Description of the task:
Data follows below. Repeat exactly the lines between the line holding "20201231十个重点海报设计稿011.jpg" and the line holding "Гардина-панно Wisan Paryz, цвет: белый, черный, высота", inclusive, and nothing more; drop pictures.

Data for this task:
Content starts
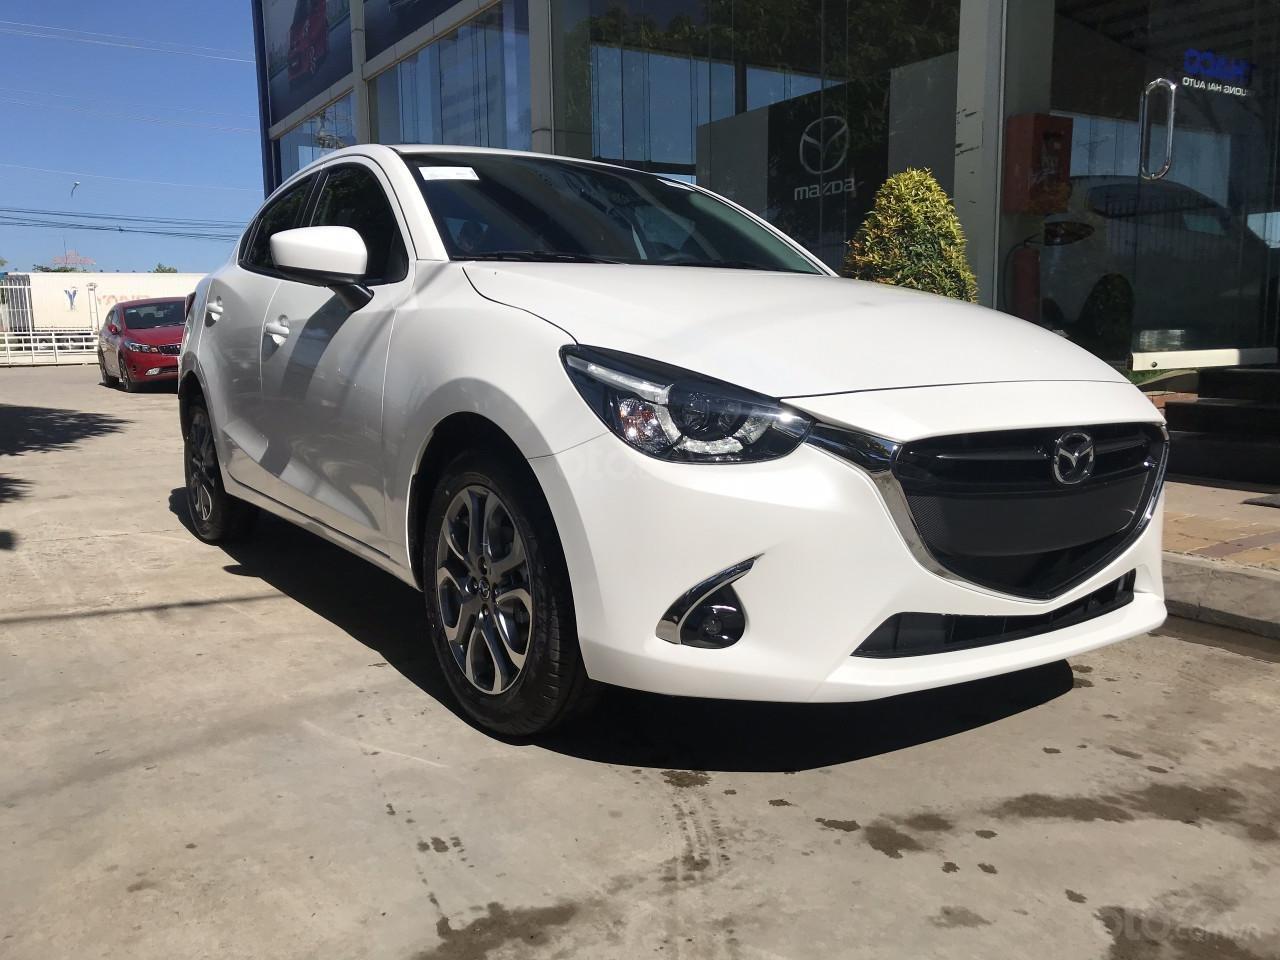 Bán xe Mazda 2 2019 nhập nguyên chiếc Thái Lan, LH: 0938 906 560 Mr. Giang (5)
Content ends
Content starts
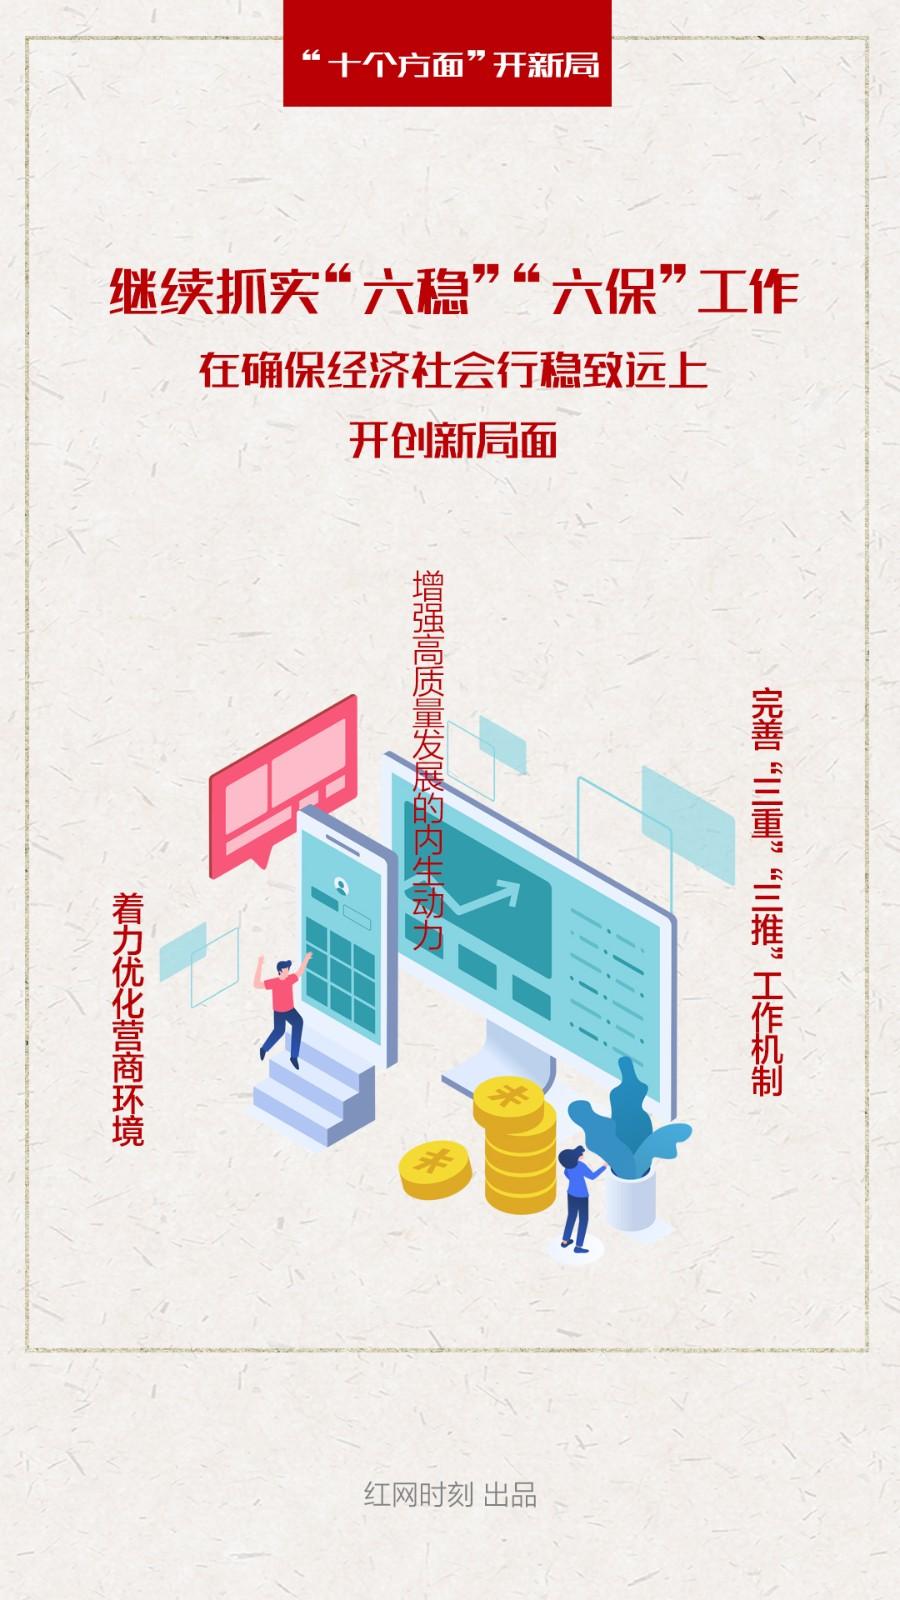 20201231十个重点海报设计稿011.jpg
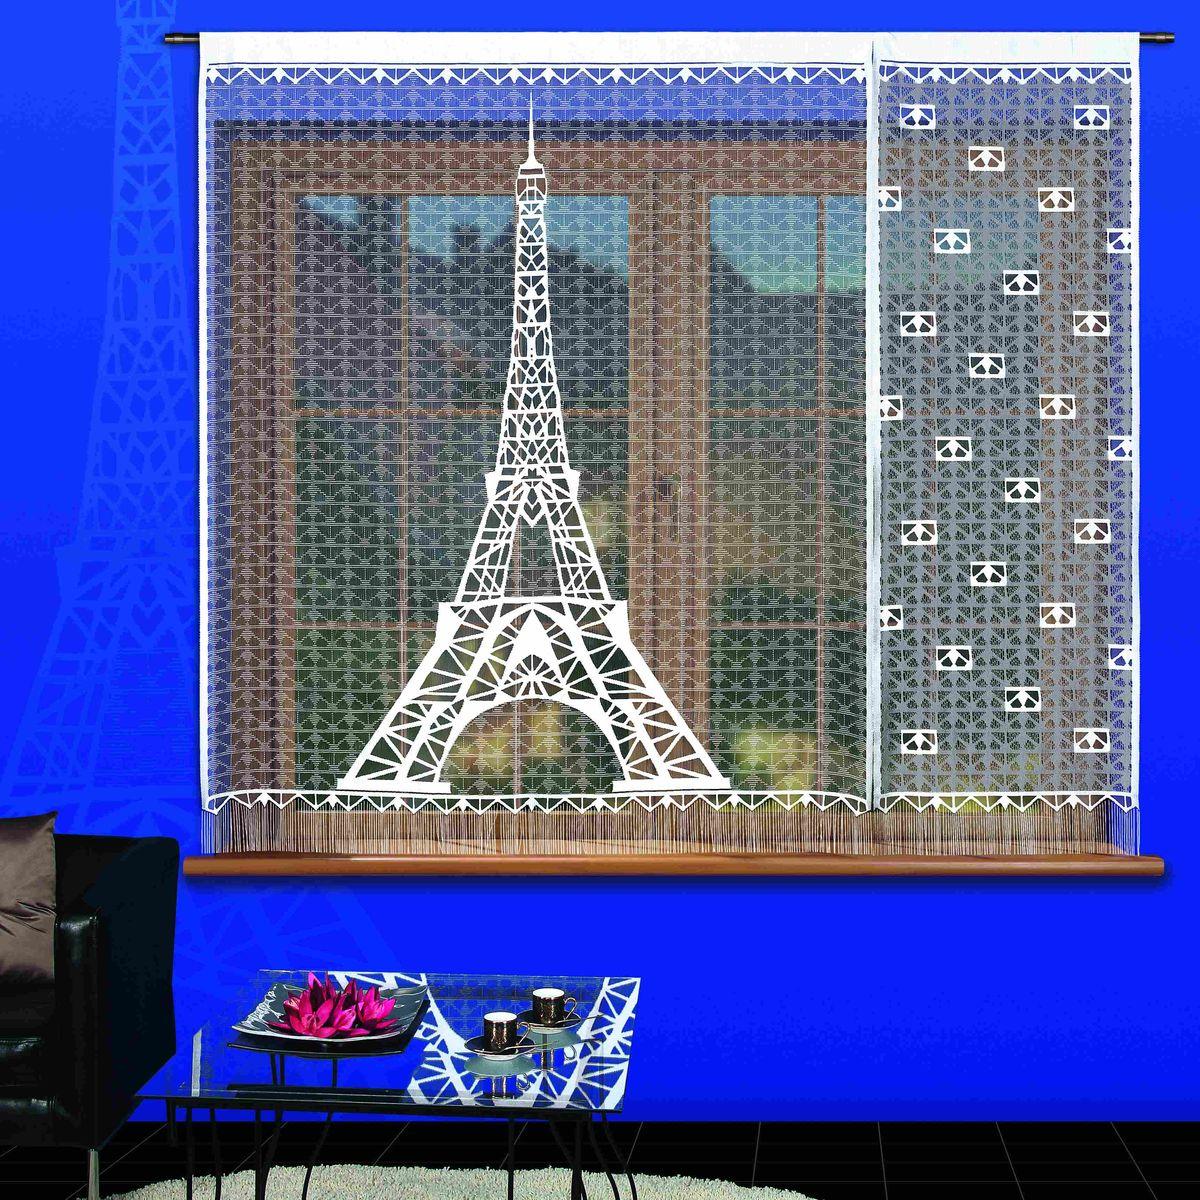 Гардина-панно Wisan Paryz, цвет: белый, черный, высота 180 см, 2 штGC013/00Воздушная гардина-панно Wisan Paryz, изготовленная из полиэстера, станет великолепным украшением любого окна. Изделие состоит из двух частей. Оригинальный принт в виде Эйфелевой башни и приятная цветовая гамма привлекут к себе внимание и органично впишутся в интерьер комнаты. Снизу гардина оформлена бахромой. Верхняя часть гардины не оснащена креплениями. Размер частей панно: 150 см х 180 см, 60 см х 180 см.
Content ends
Answer space:
 20201231十个重点海报设计稿011.jpg
 Гардина-панно Wisan Paryz, цвет: белый, черный, высота 180 см, 2 штGC013/00Воздушная гардина-панно Wisan Paryz, изготовленная из полиэстера, станет великолепным украшением любого окна. Изделие состоит из двух частей. Оригинальный принт в виде Эйфелевой башни и приятная цветовая гамма привлекут к себе внимание и органично впишутся в интерьер комнаты. Снизу гардина оформлена бахромой. Верхняя часть гардины не оснащена креплениями. Размер частей панно: 150 см х 180 см, 60 см х 180 см.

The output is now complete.